For Pre-activation ResNet, see 'preact_resnet.py'.

Reference:
[1] Kaiming He, Xiangyu Zhang, Shaoqing Ren, Jian Sun
    Deep Residual Learning for Image Recognition. arXiv:1512.03385
'''
import torch
import torch.nn as nn
import torch.nn.functional as F


class BasicBlock(nn.Module):
    expansion = 1

    def __init__(self, in_planes, planes, stride=1):
        super(BasicBlock, self).__init__()
        self.conv1 = nn.Conv2d(in_planes, planes, kernel_size=3, stride=stride, padding=1, bias=False)
        self.bn1 = nn.BatchNorm2d(planes)
        self.conv2 = nn.Conv2d(planes, planes, kernel_size=3, stride=1, padding=1, bias=False)
        self.bn2 = nn.BatchNorm2d(planes)

        self.shortcut = nn.Sequential()
        if stride != 1 or in_planes != self.expansion*planes:
            self.shortcut = nn.Sequential(
                nn.Conv2d(in_planes, self.expansion*planes, kernel_size=1, stride=stride, bias=False),
                nn.BatchNorm2d(self.expansion*planes)
            )

    def forward(self, x):
        out = F.relu(self.bn1(self.conv1(x)))
        out = self.bn2(self.conv2(out))
        out += self.shortcut(x)
        out = F.relu(out)
        return out


class Bottleneck(nn.Module):
    expansion = 4

    def __init__(self, in_planes, planes, stride=1):
        super(Bottleneck, self).__init__()
        self.conv1 = nn.Conv2d(in_planes, planes, kernel_size=1, bias=False)
        self.bn1 = nn.BatchNorm2d(planes)
        self.conv2 = nn.Conv2d(planes, planes, kernel_size=3, stride=stride, padding=1, bias=False)
        self.bn2 = nn.BatchNorm2d(planes)
        self.conv3 = nn.Conv2d(planes, self.expansion*planes, kernel_size=1, bias=False)
        self.bn3 = nn.BatchNorm2d(self.expansion*planes)

        self.shortcut = nn.Sequential()
        if stride != 1 or in_planes != self.expansion*planes:
            self.shortcut = nn.Sequential(
                nn.Conv2d(in_planes, self.expansion*planes, kernel_size=1, stride=stride, bias=False),
                nn.BatchNorm2d(self.expansion*planes)
            )

    def forward(self, x):
        out = F.relu(self.bn1(self.conv1(x)))
        out = F.relu(self.bn2(self.conv2(out)))
        out = self.bn3(self.conv3(out))
        out += self.shortcut(x)
        out = F.relu(out)
        return out


class ResNet2(nn.Module):
    def __init__(self, block, num_blocks, num_classes=10):
        super(ResNet2, self).__init__()
        self.in_planes = 16

        self.conv1 = nn.Conv2d(3, 16, kernel_size=3, stride=1, padding=1, bias=False)
        self.bn1 = nn.BatchNorm2d(16)
        self.layer1 = self._make_layer(block, 16,  num_blocks[0], stride=1)
        self.layer2 = self._make_layer(block, 16, num_blocks[1], stride=1)
        self.layer3 = self._make_layer(block, 16, num_blocks[2], stride=1)
        self.layer4 = self._make_layer(block, 16, num_blocks[3], stride=1)
        self.linear = nn.Linear(1024*block.expansion, num_classes)

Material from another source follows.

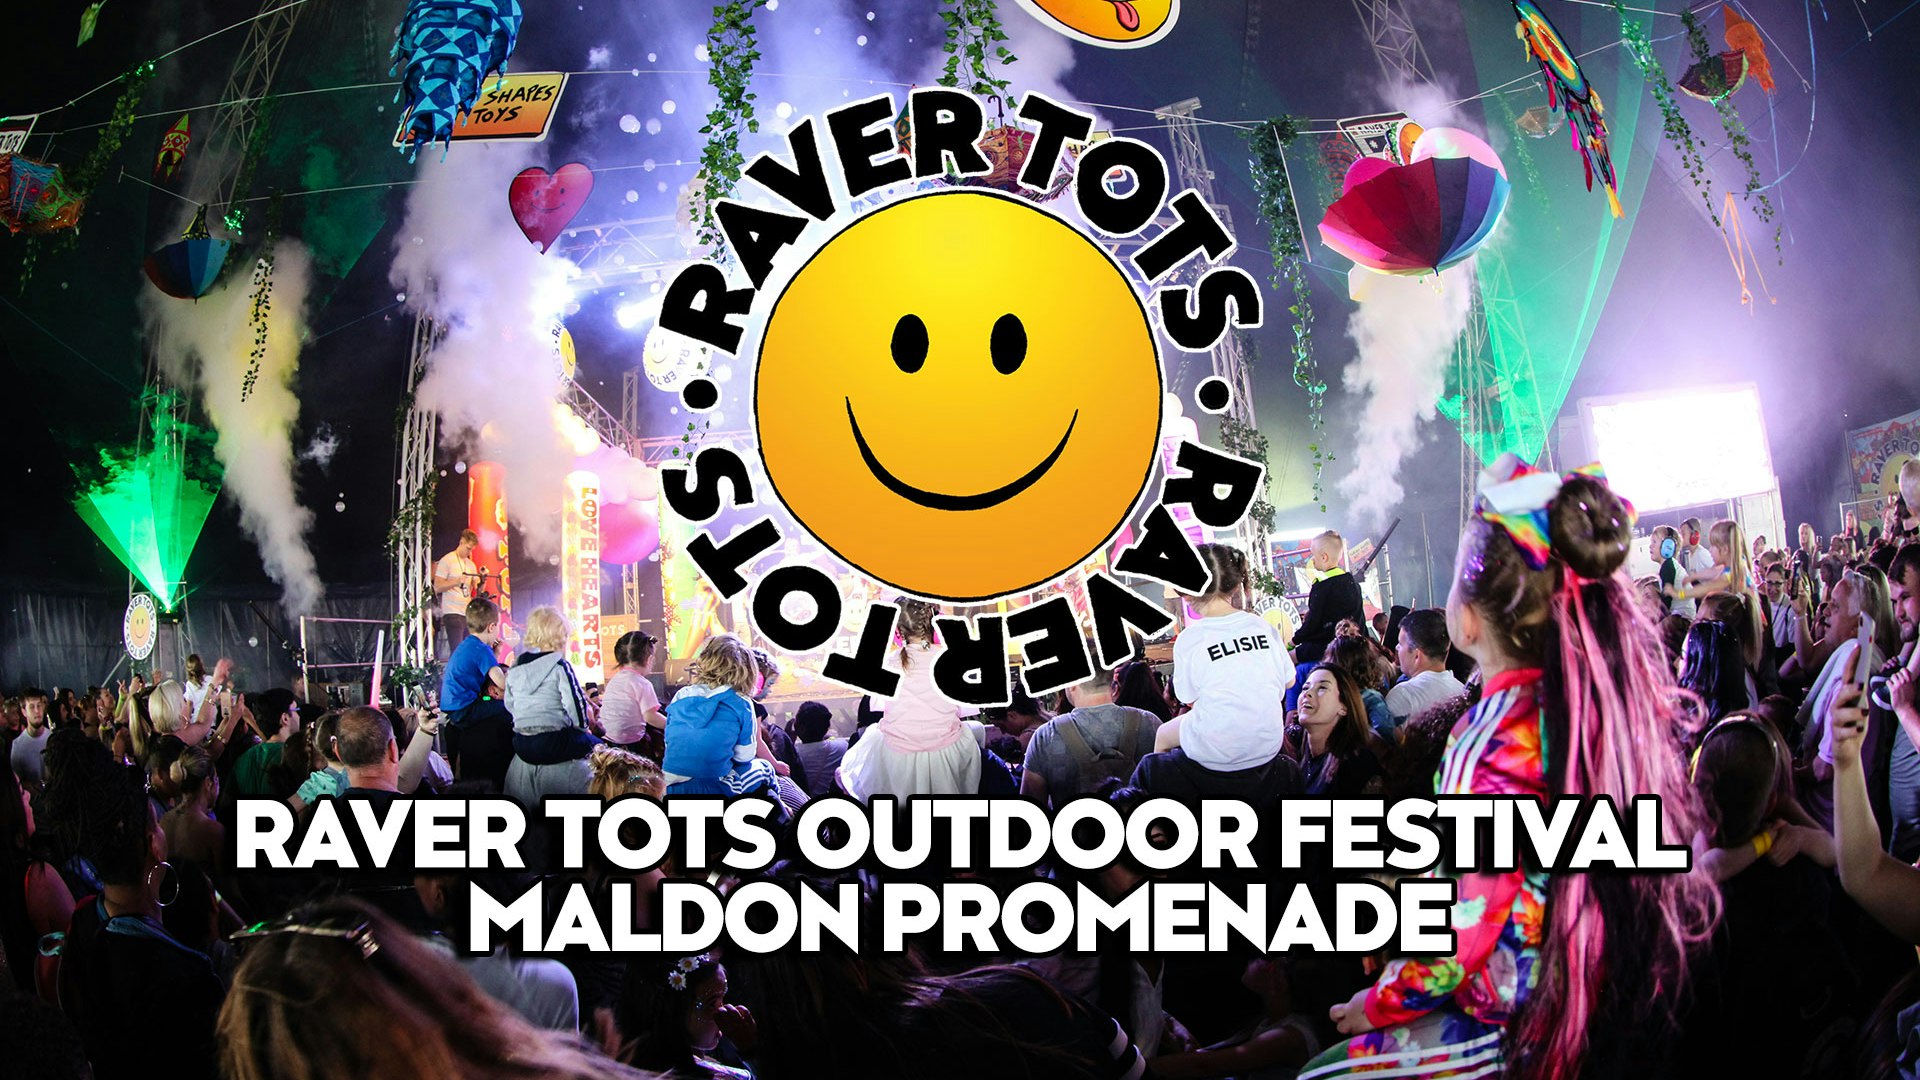 The Worlds Biggest Ever Raver Tots Outdoor Festival – Maldon Promenade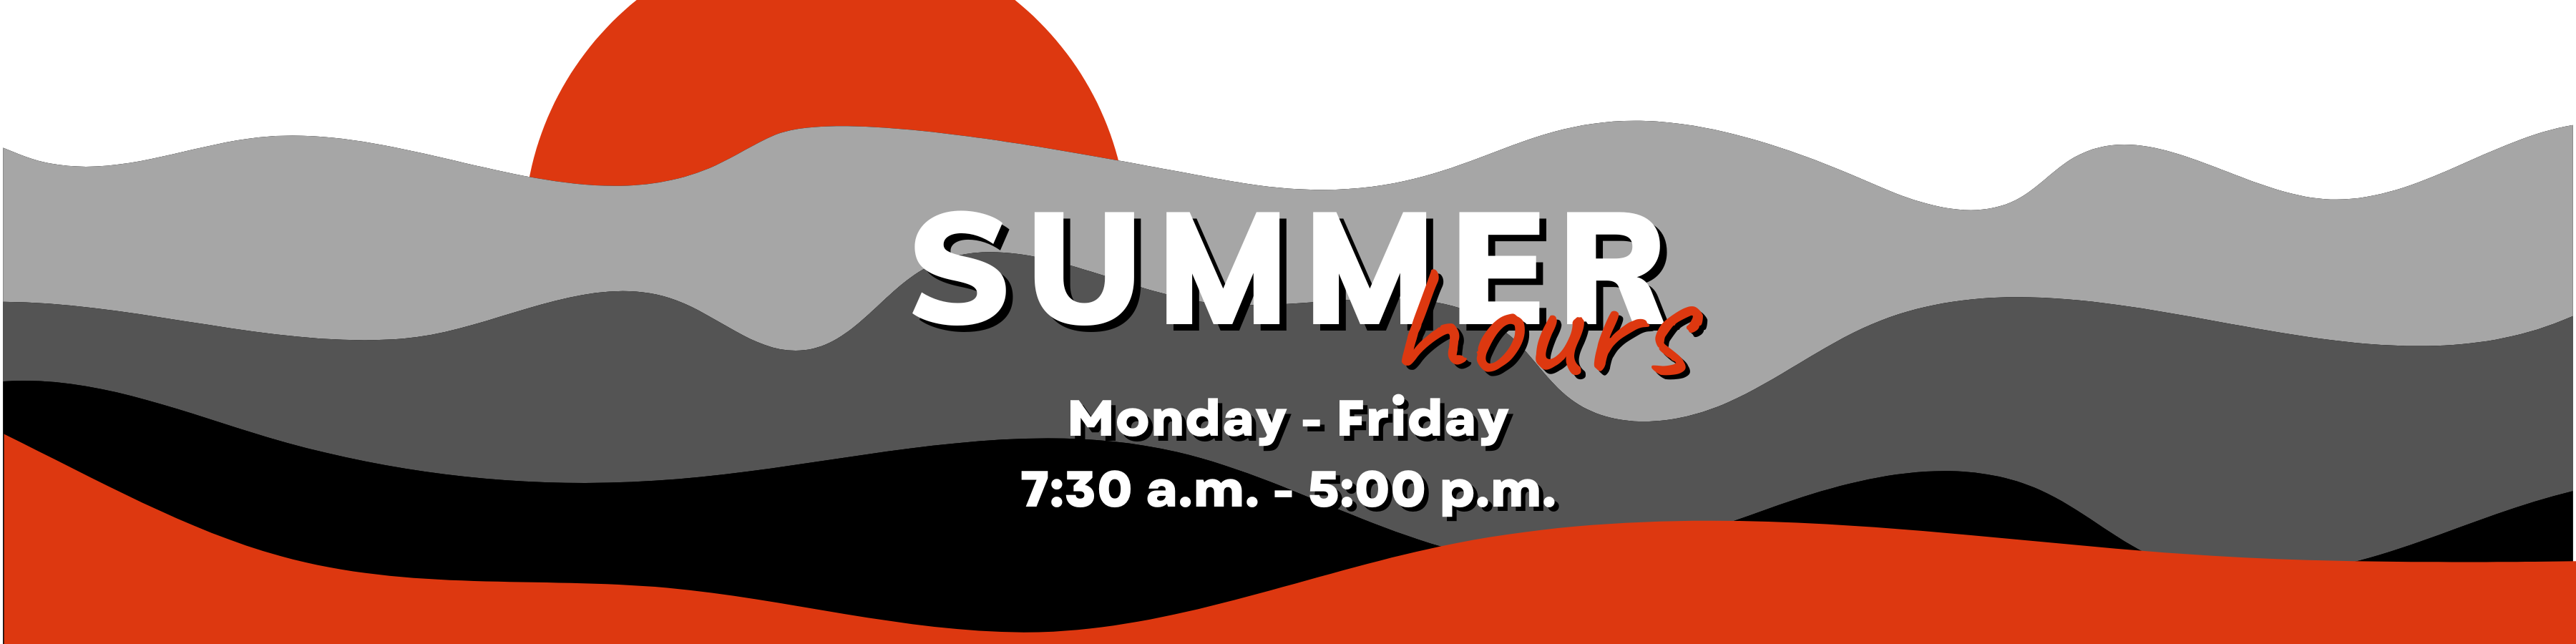 Summer Hours Slider - Monday through Friday 7:30 a.m. until 5:00 p.m.

    def _make_layer(self, block, planes, num_blocks, stride):
        strides = [stride] + [1]*(num_blocks-1)
        layers = []
        for stride in strides:
            layers.append(block(self.in_planes, planes, stride))
            self.in_planes = planes * block.expansion
        return nn.Sequential(*layers)

    def forward(self, x):
        out = F.relu(self.bn1(self.conv1(x)))
        out = self.layer1(out)
        out = self.layer2(out)
        out = self.layer3(out)
        out = self.layer4(out)
        #print ('out = {}'.format(out.shape))
        out = F.avg_pool2d(out, 4)
        #print ('2d = {}'.format(out.shape))
        out = out.view(out.size(0), -1)
        #print ('view = {}'.format(out.shape))
        out = self.linear(out)
        return out

class ResNet3(nn.Module):
    def __init__(self, block, num_blocks, num_classes=10):
        super(ResNet3, self).__init__()
        self.in_planes = 16

        self.conv1 = nn.Conv2d(3, 16, kernel_size=3, stride=1, padding=1, bias=False)
        self.bn1 = nn.BatchNorm2d(16)
        self.layer1 = self._make_layer(block, 16,  num_blocks[0], stride=2)
        self.layer2 = self._make_layer(block, 32, num_blocks[1], stride=2)
        self.layer3 = self._make_layer(block, 64, num_blocks[2], stride=1)
        self.layer4 = self._make_layer(block, 128, num_blocks[3], stride=1)
        self.linear = nn.Linear(512*block.expansion, num_classes)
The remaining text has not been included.